WHAT TO WORK ON:
Only the pictures are to be dropped; return all other data below exactly.

(Beginning of DATA BLOCK)

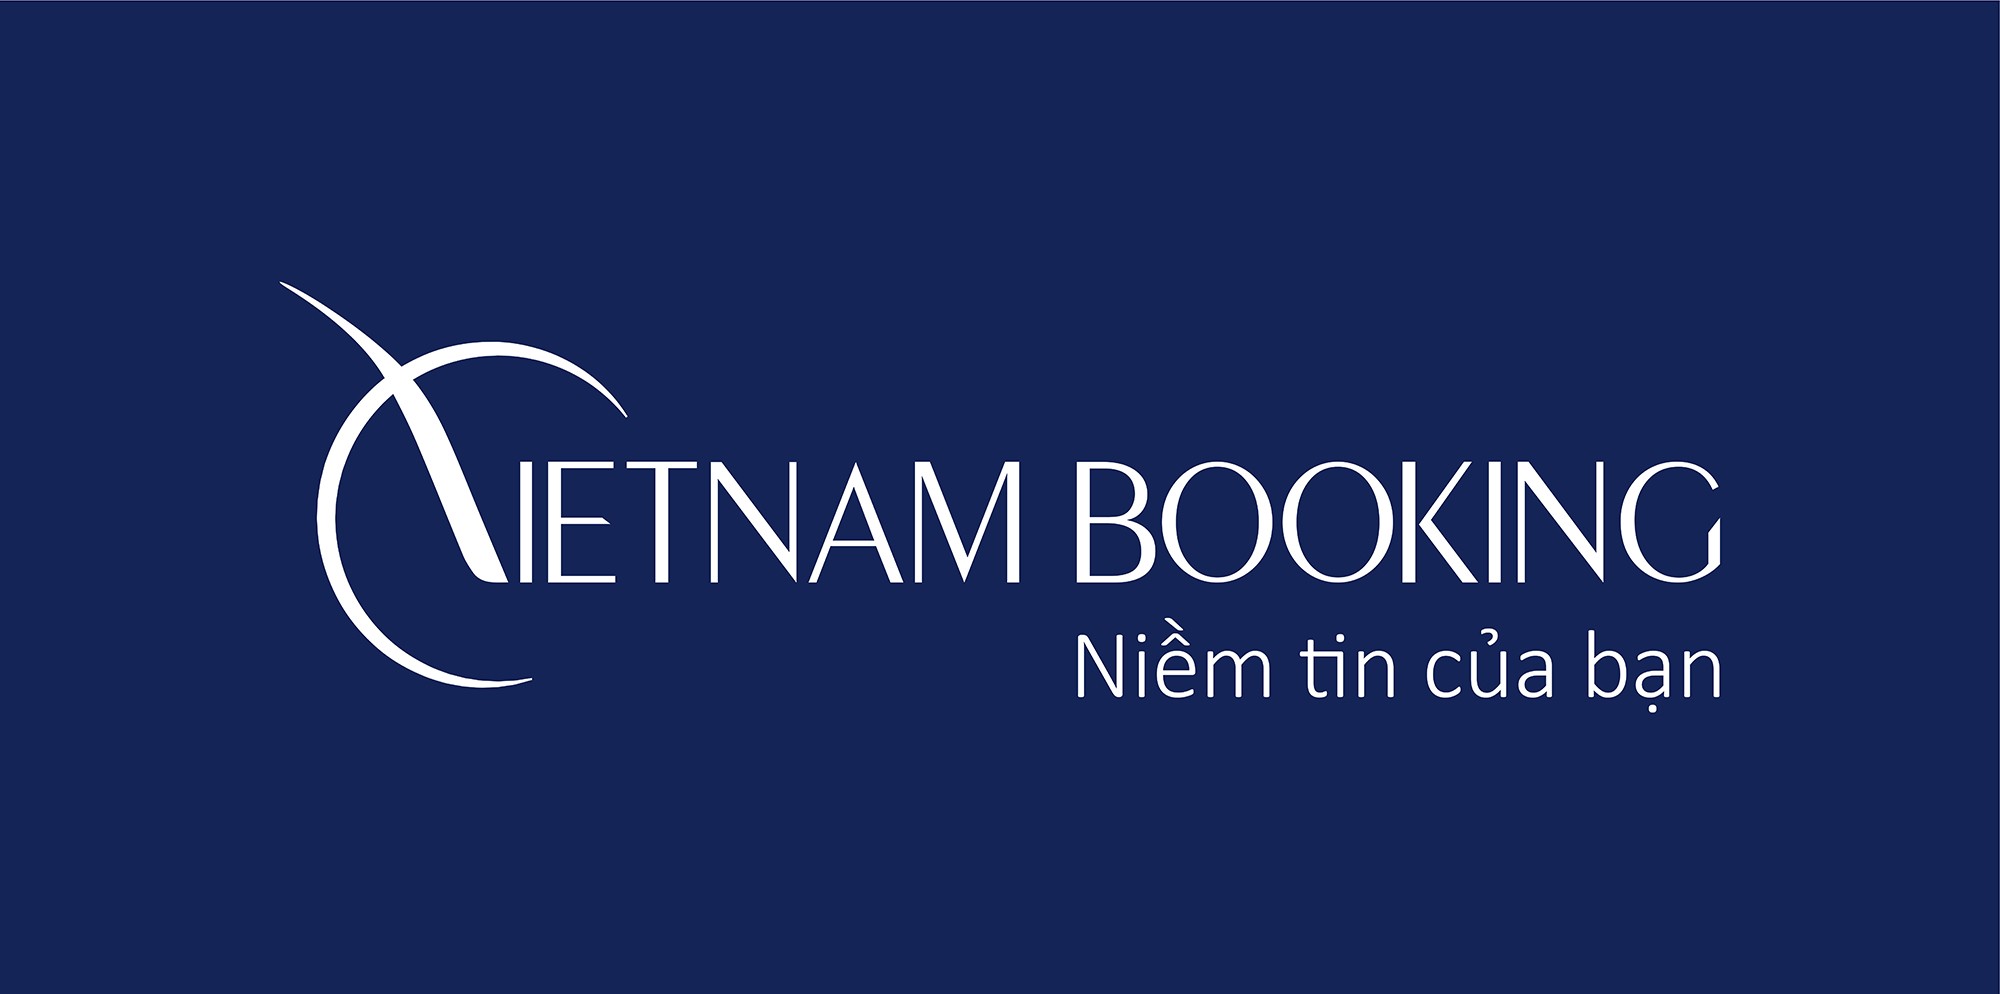 cách bán phòng khách sạn online hiệu quả-dịch vụ Việt Nam booking
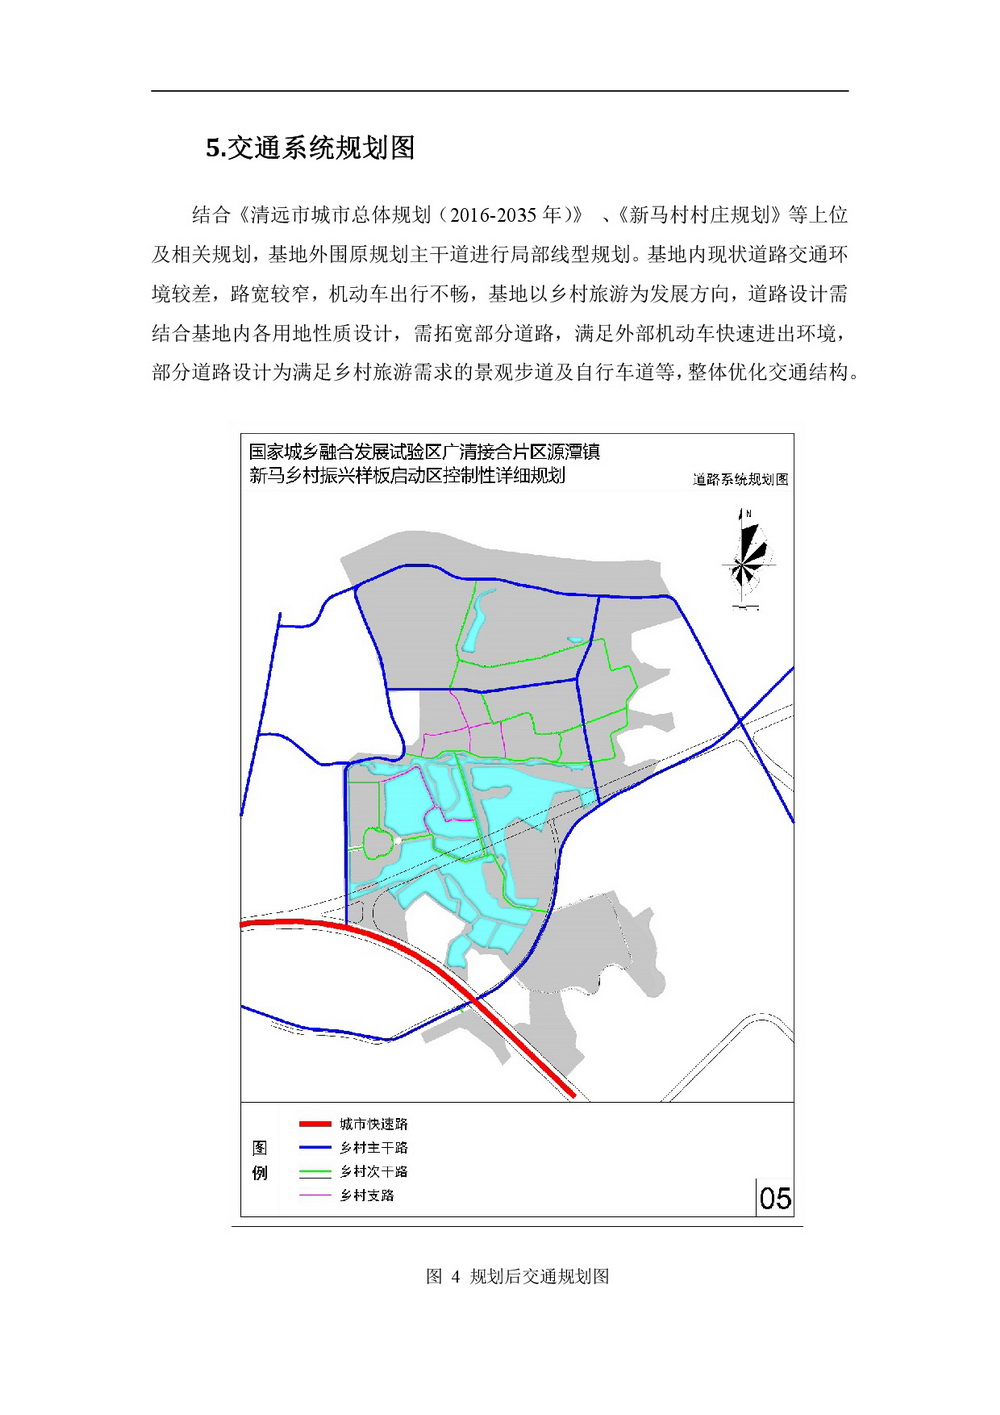 20220425 清远市国家城乡融合发展广清片区 公示材料-007.jpg
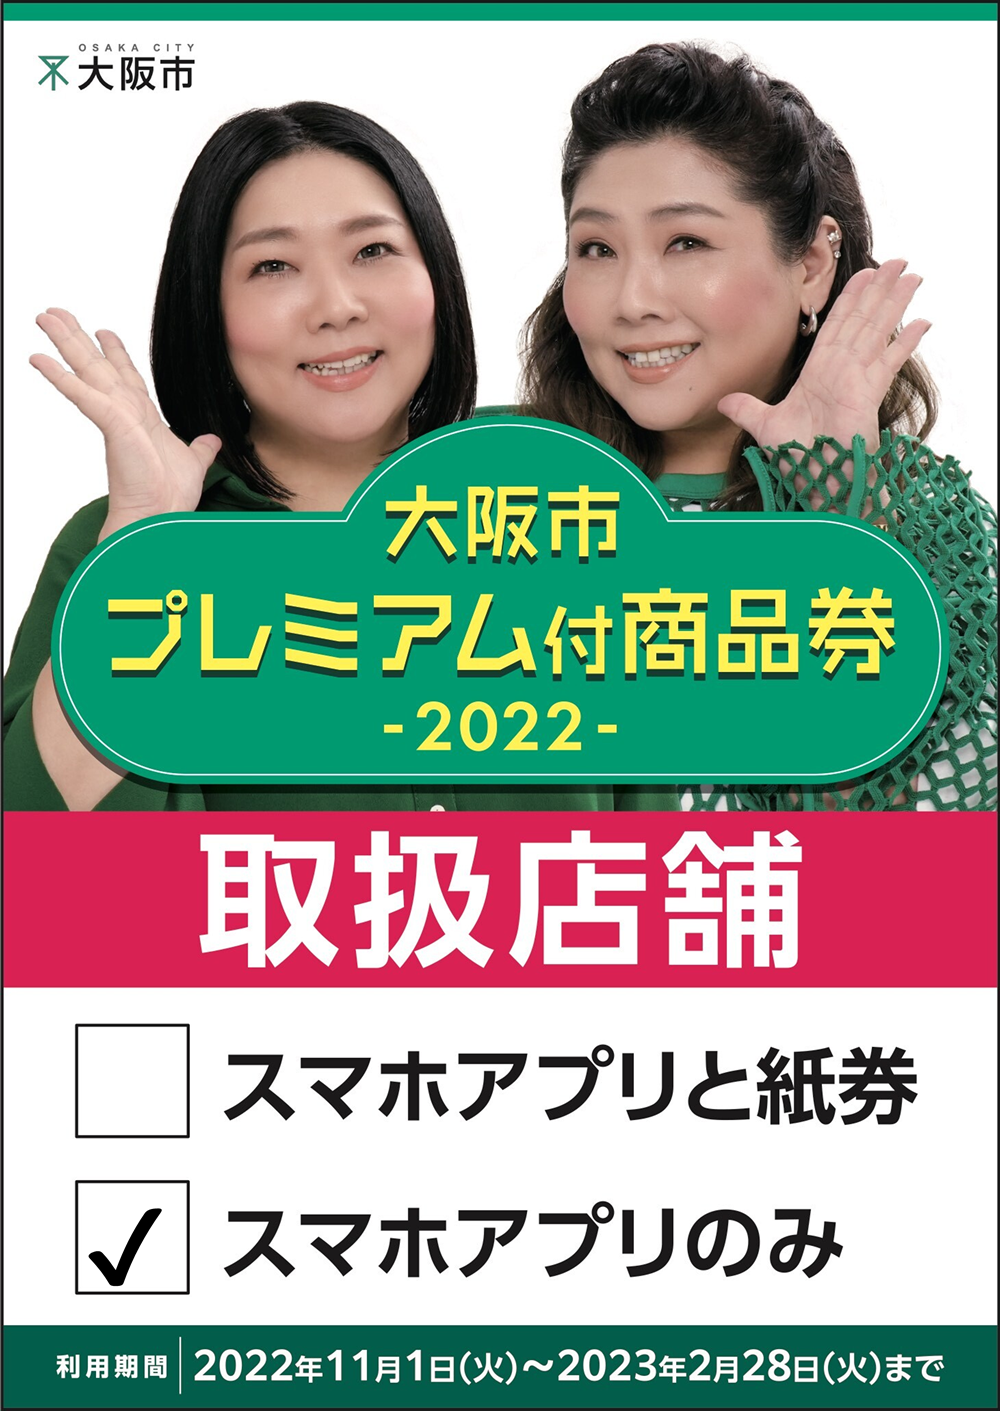 「大阪市プレミアム付商品券2022」をご利用いただけます。
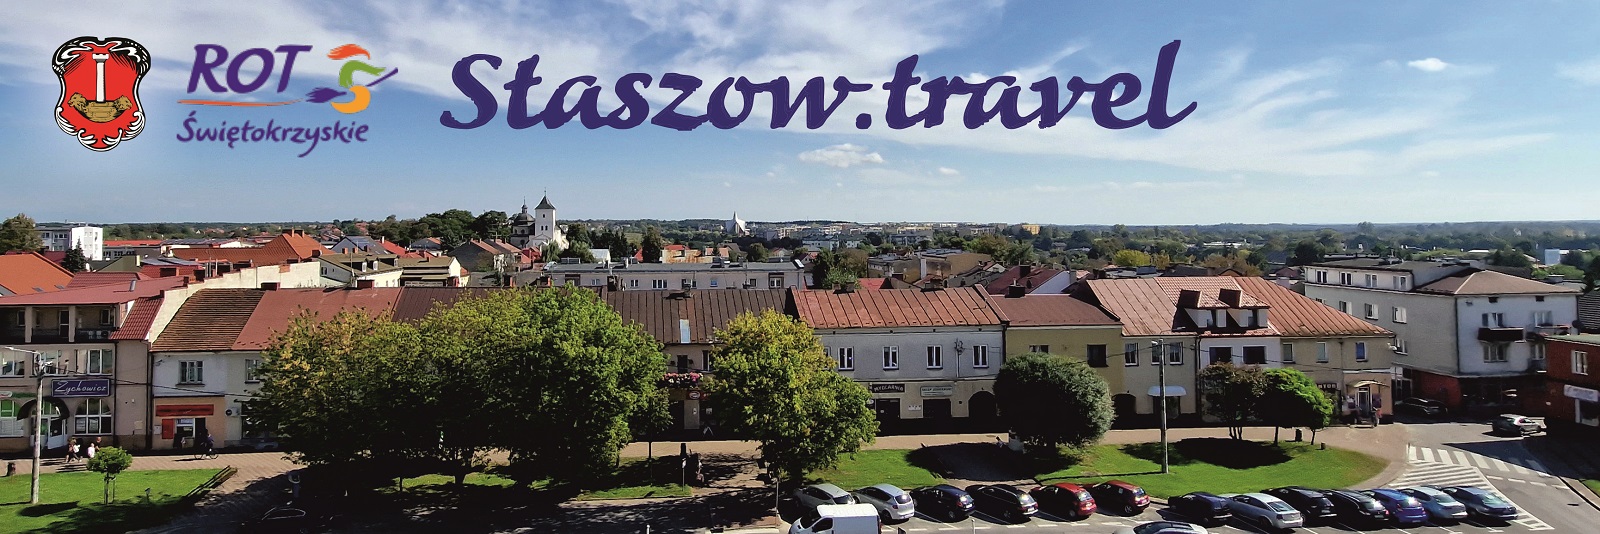 Staszow_Travel

(End of DATA BLOCK)

SOLUTION TO THE PROBLEM:
 cách bán phòng khách sạn online hiệu quả-dịch vụ Việt Nam booking
 20220425 清远市国家城乡融合发展广清片区 公示材料-007.jpg
 「大阪市プレミアム付商品券2022」をご利用いただけます。
 Staszow_Travel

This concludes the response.